Lyocycle development for the diluted FDS
To shorten the cycle despite the increased fill volume, the following studies were carried out to optimize the process including
annealing, primary, and secondary dryings. The development of this cycle fixed the chamber pressure at 100 mTorr.
Annealing: The effect of annealing on the primary drying rate is dependent on the formulation and process variables. To increase the
primary drying rate for the 25-mg/mL FDS, samples were annealed over a range of temperatures for various durations and partially
lyophilized to determine the primary drying rate.

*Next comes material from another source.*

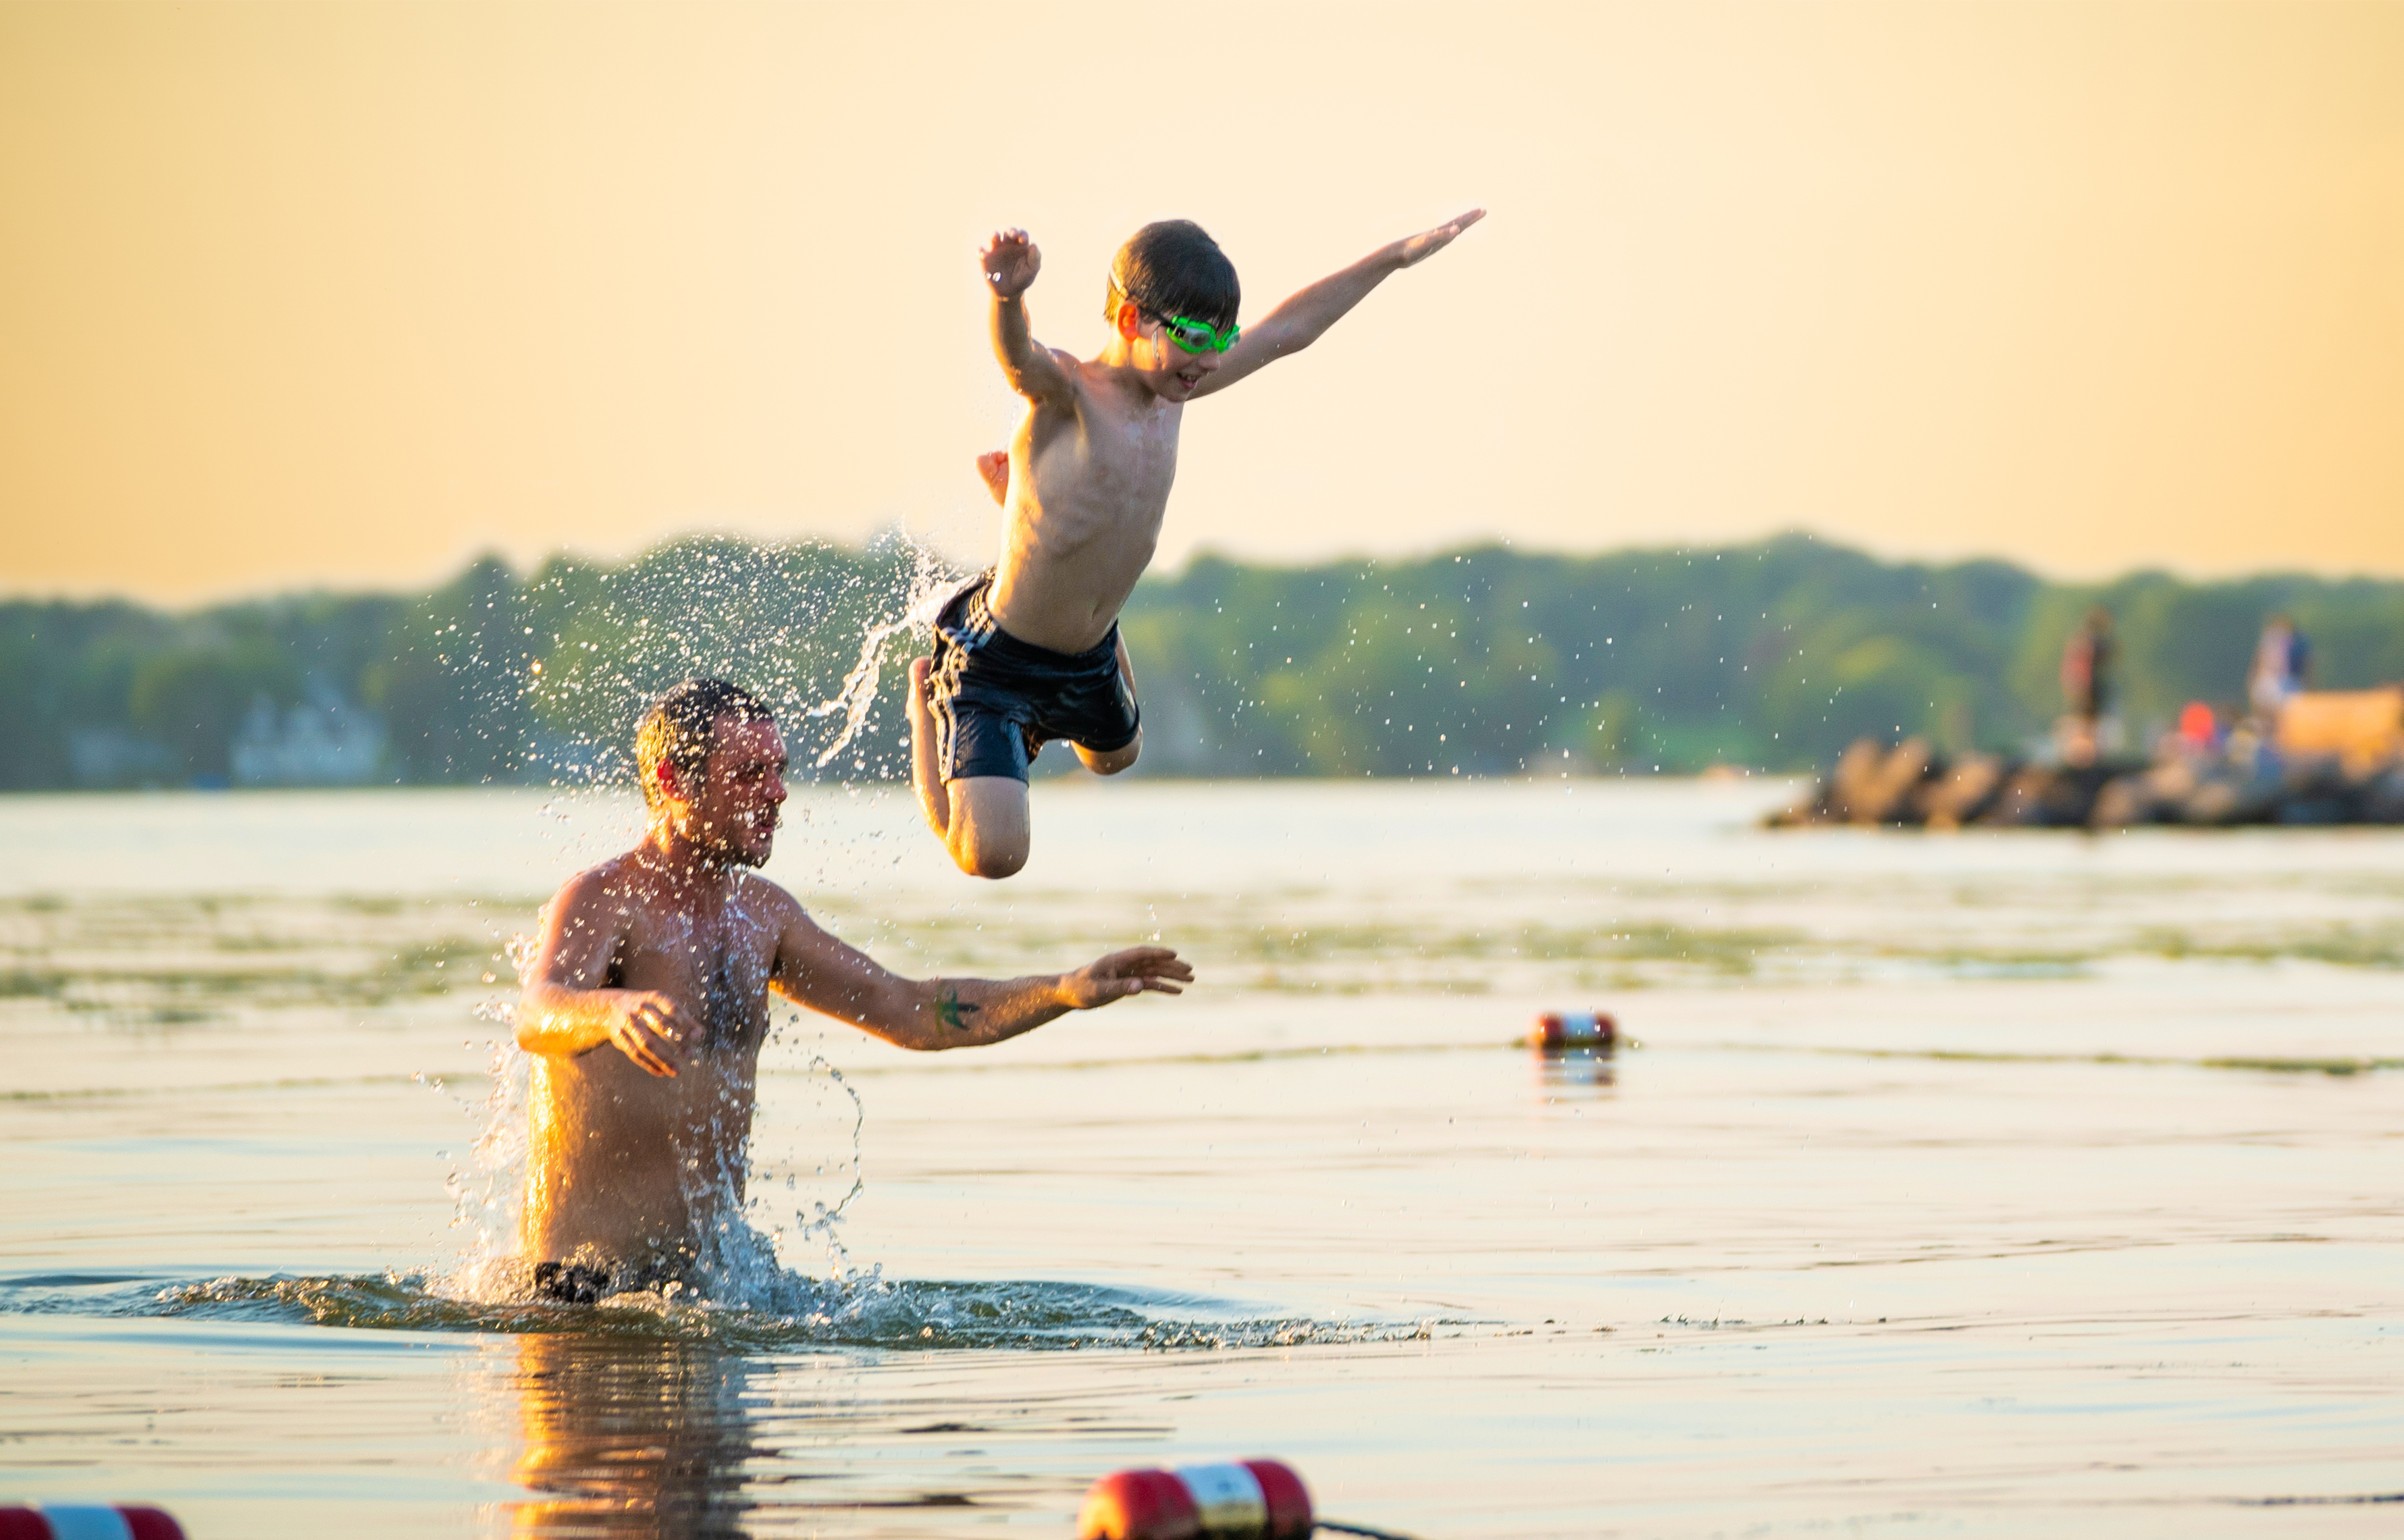 A child jumps off a man's shoulders into the water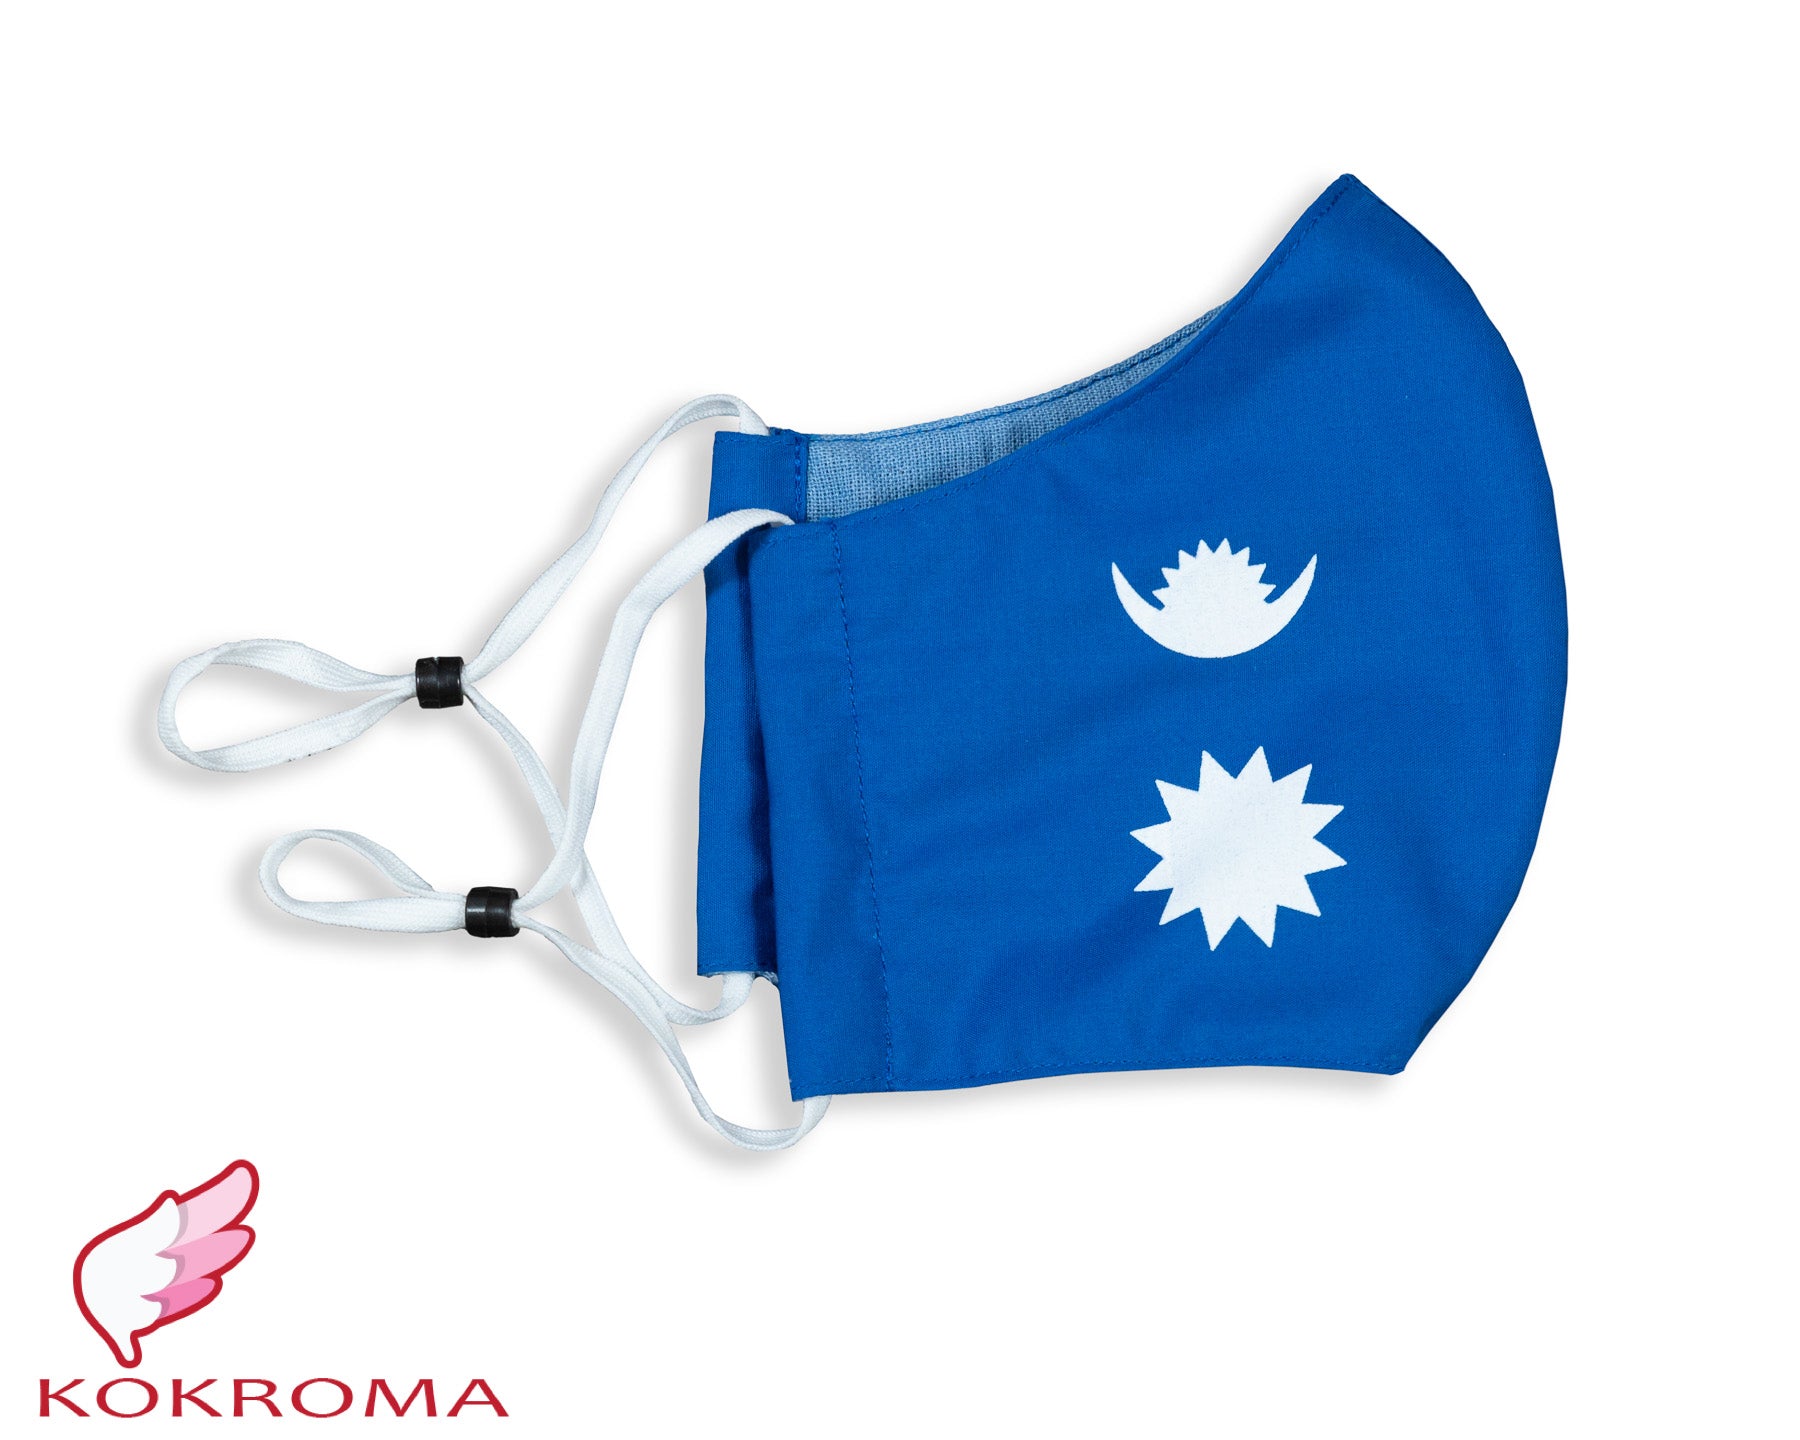 Our Nepali Flag masks have been protecting our customers since the start of Covid-19. To date we have made hundreds of thousands of cotton 3 layer masks and now our NEW model comes in an assortment of bright colours to match your clothes on any occasion.

As shown in Figure 2, cycles with a 3 h annealing at either –3 °C or –8 °C had a significantly higher drying rate compared with annealing at –13
°C or –18 °C. However, –8 °C was chosen over –3 °C as the target annealing temperature to provide for a margin ensuring that
the temperature was well below the ice melting point.
Figure 2: Effect of annealing temperature on the primary drying rate. Annealing hold time was 3 h. n=5, w/o A is without
annealing control, *p<0.05 compared to w/o A control.
As shown in Figure 3, annealing at –8 °C for either 2.5 h or 4 h had a significantly higher drying rate compared to the control that had no annealing
step. An annealing time of 2.5 h was chosen.
Primary drying: When a formulation freezes, a phase separation occurs. A pure crystalline phase will separate from a saturated amorphous
phase. The crystalline phase includes ice or any other crystallizing excipients (e.g., sodium phosphate). During primary
drying, the pure ice phase is removed, leaving behind other crystalline phases and any saturated amorphous phases. The aim
of primary drying is to remove this unbound water while maintaining the cake structure and protein stability.
Figure 3: Effect of annealing hold time on the primary drying rate. Annealing at -8 °C. n=5, w/o A is without annealing control,
*p<0.05 compared to w/o A control.
To prevent the cake from collapsing during primary drying, the product temperature must be kept under the collapse temperature
(Tc). Since Tc is usually 2–3 °C above glass transition temperature (Tg'), using the Tg' to gauge the allowable product temperature
represents a more conservative approach. As the Tg' of the 25 mg/mL FDS was –20 °C (data not shown), a maximum allowable
product temperature of –25 °C was selected to provide a 5 °C safety margin during primary drying.
Two primary drying temperatures were examined: 10 °C and 22 °C. Primary drying at 10 °C represented the more conservative
viable cycle, while primary drying at 22 °C was chosen to decrease the drying time. The cycle performed with a shelf temperature
of 10 °C and 22 °C had a product temperature of –26 °C and –21 °C, respectively. Based on the proximity of the product temperature
(–21 °C) to the observed Tg' (–20 °C), the 22 °C primary drying shelf temperature was not appropriate.
Secondary drying: Once the unbound, pure ice phase is removed, primary drying concludes. The next step is to remove water trapped in the amorphous
phase during secondary drying. Because the Tg' increases when primary drying is complete, the shelf temperature can be increased
while keeping the product temperature below the Tg'. Increasing the shelf temperature increases the heat available to remove
the bound water and increases the drying rate.
Two secondary drying temperatures were examined: 25 °C and 40 °C. The 25 °C represented the more conservative viable step,
while the 40 °C was expected to decrease the drying time. Product stability, moisture content, and cake appearance were used
to evaluate the feasibility of the two different process conditions. Secondary drying at both temperatures had no effect on
the target moisture content (of less than 1%), reconstitution time, pH, or turbidity. In addition, the stability of the products
generated from the two temperatures was not significantly different. DP form both temperatures lost 0.2 % native protein compared
with the prelyophilized FDS in the SE-HPLC assay, the most sensitive stability indicator for the DP. Therefore, a secondary
drying temperature of 40 °C was chosen to shorten the overall length of the cycle.
Comparison of the original and the revised cycle: The optimized revised cycle had a cycle length comparable to the original cycle. The original cycle with 5.5-mL fill at the
primary and secondary drying temperatures of –5 °C and 25 °C, respectively, was completed in approximately 50 h. Despite the
larger volume and insertion of the optimized annealing step, the revised cycle with 8.8-mL fill at the primary and secondary
drying temperatures of 10 °C and 40 °C, respectively, could be completed in approximately 52 h.